■ WHAT YOU SHOULD DO
From the first line to the last, repeat the data exactly but leave out the pictures.

■ SUPPLIED INFORMATION
◆ ◆ ◆ ◆

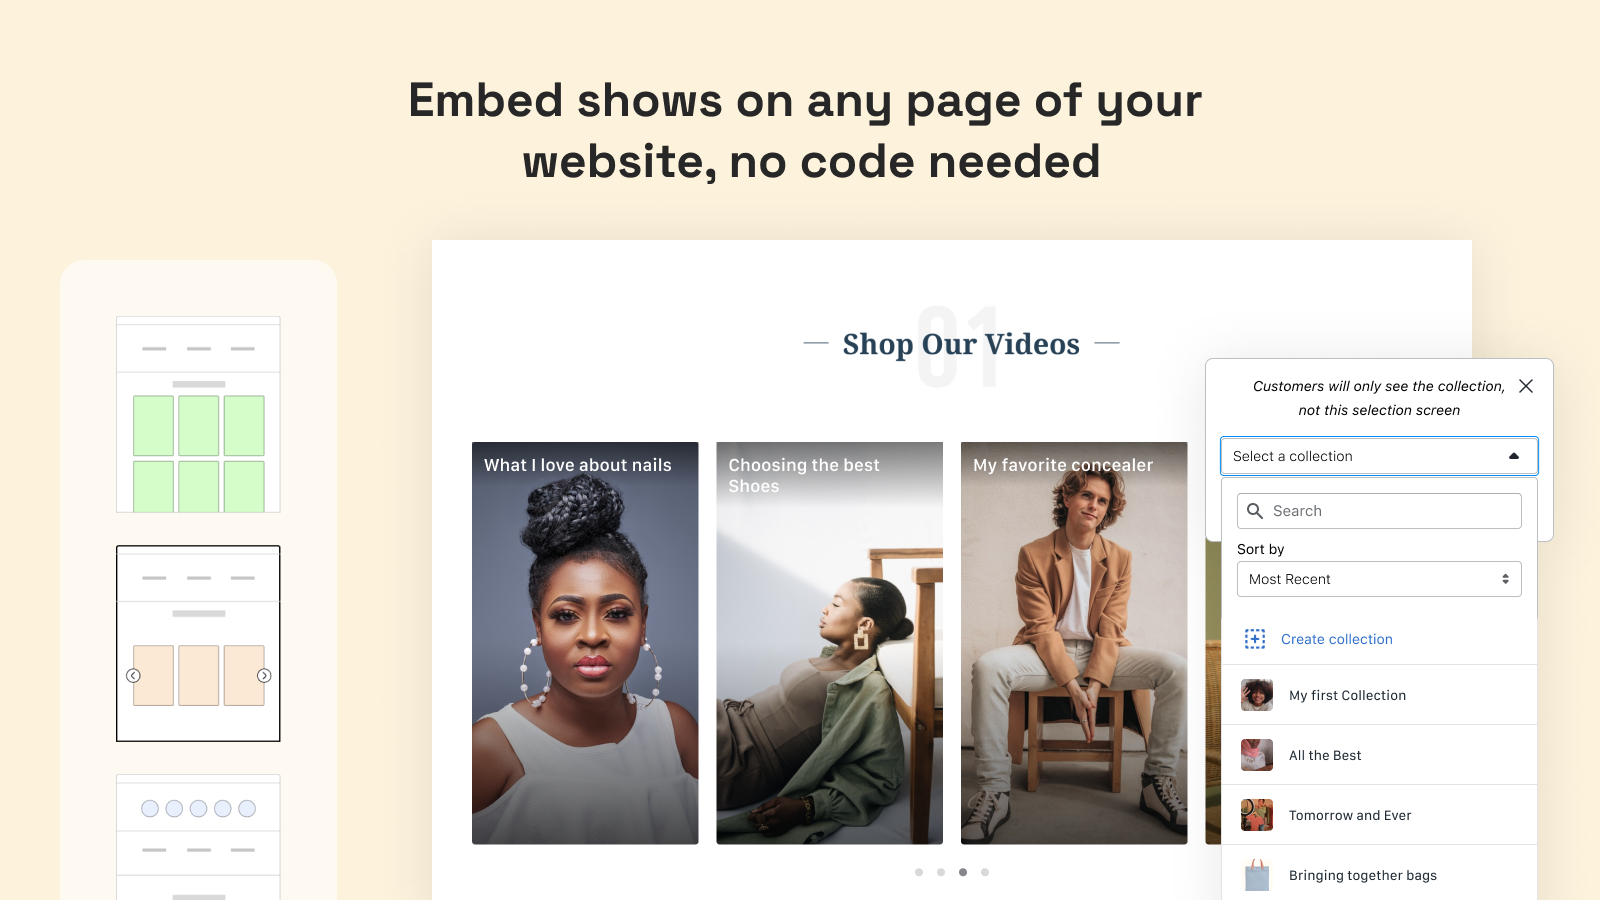 Showday: Embed shows on any page of your website, no code needed
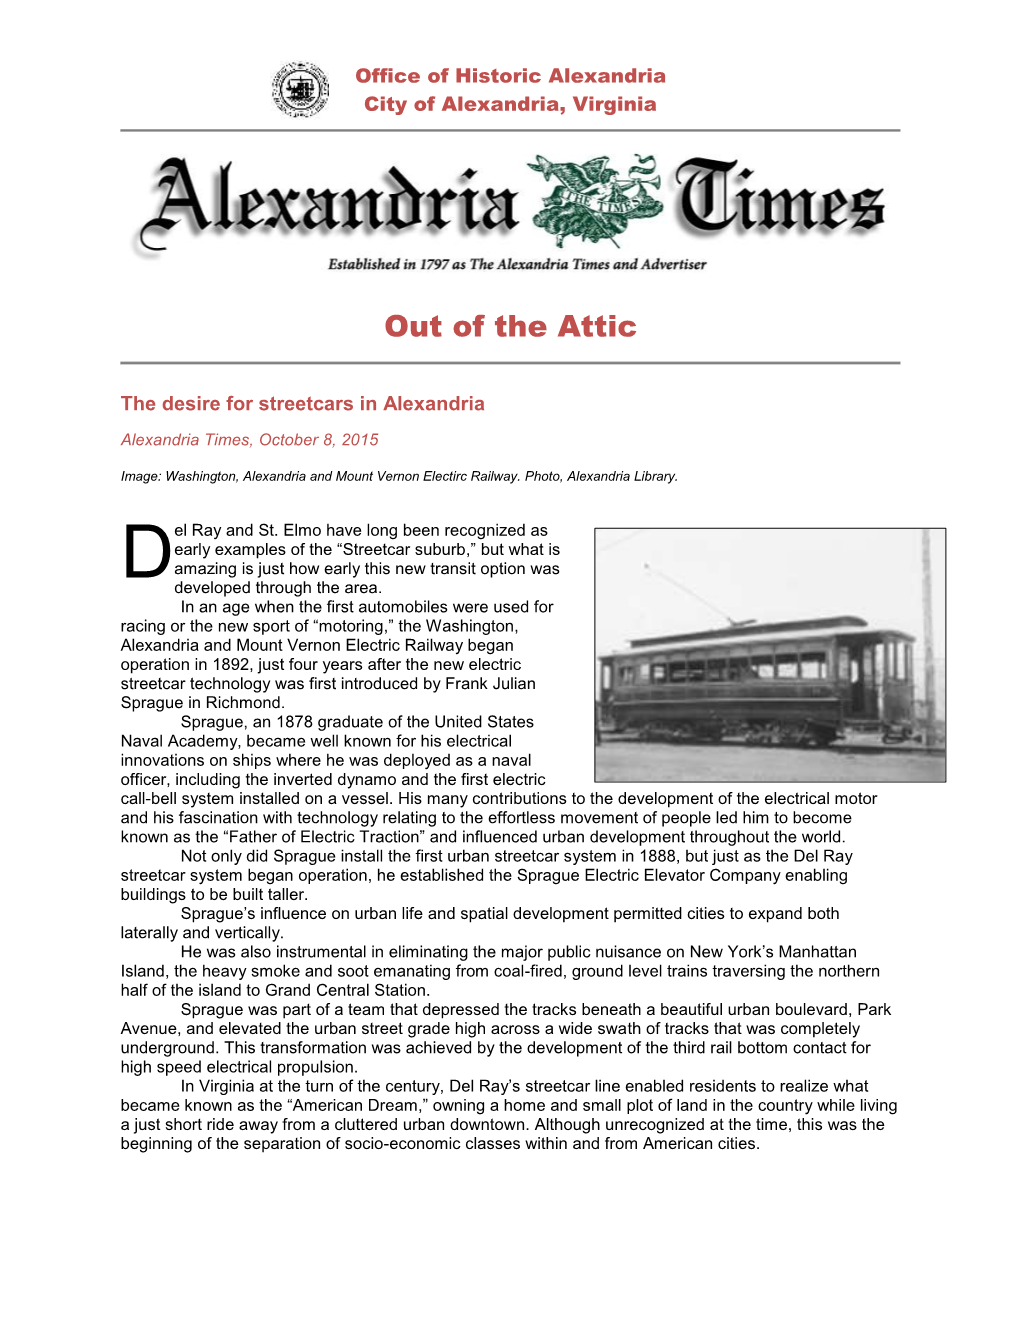 The Desire for Streetcars in Alexandria
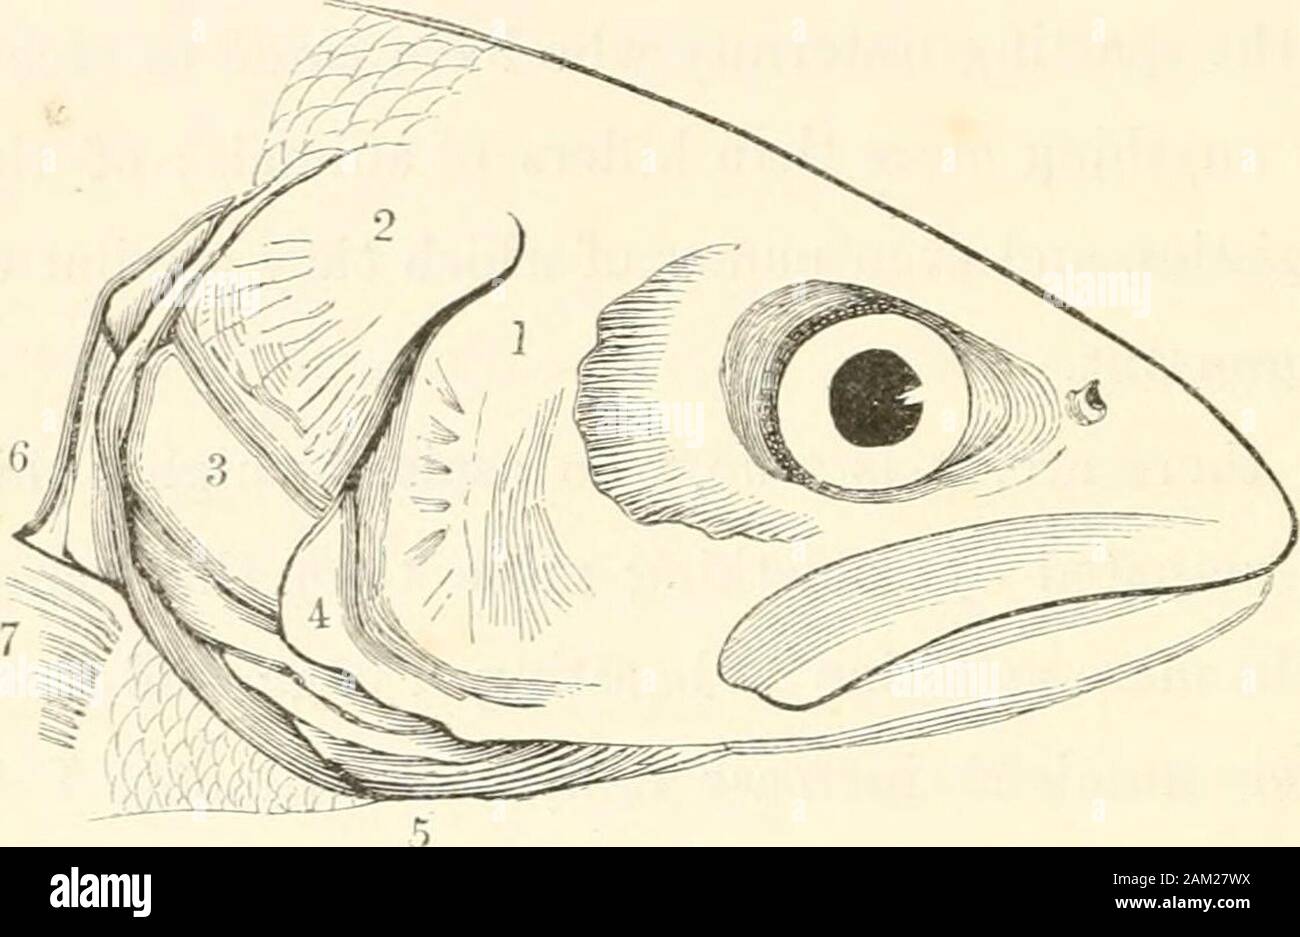 Frank Forester's fish and fishing of the United States and British provinces of North America . fidly aspired to the honours of a naturalist ;and has most deservedly ac(piircd, as such, no small degree ofcelebrity and favour. From this sljort excursion, into which 1 have been naturallyled in the course of my subject, I return to the description ofthe gill-covers of fish, and thereafter to the dental system, themethod of comparing which I shall lay down briefly for the useof the learner, and then proceed at once to the history ofSporting Fislies. The subject, which I now present, is the head of Stock Photo

◆ ◆ ◆ ◆

■ TASK OUTPUT
 Showday: Embed shows on any page of your website, no code needed
 The Desire for Streetcars in Alexandria
 Frank Forester's fish and fishing of the United States and British provinces of North America . fidly aspired to the honours of a naturalist ;and has most deservedly ac(piircd, as such, no small degree ofcelebrity and favour. From this sljort excursion, into which 1 have been naturallyled in the course of my subject, I return to the description ofthe gill-covers of fish, and thereafter to the dental system, themethod of comparing which I shall lay down briefly for the useof the learner, and then proceed at once to the history ofSporting Fislies. The subject, which I now present, is the head of Stock Photo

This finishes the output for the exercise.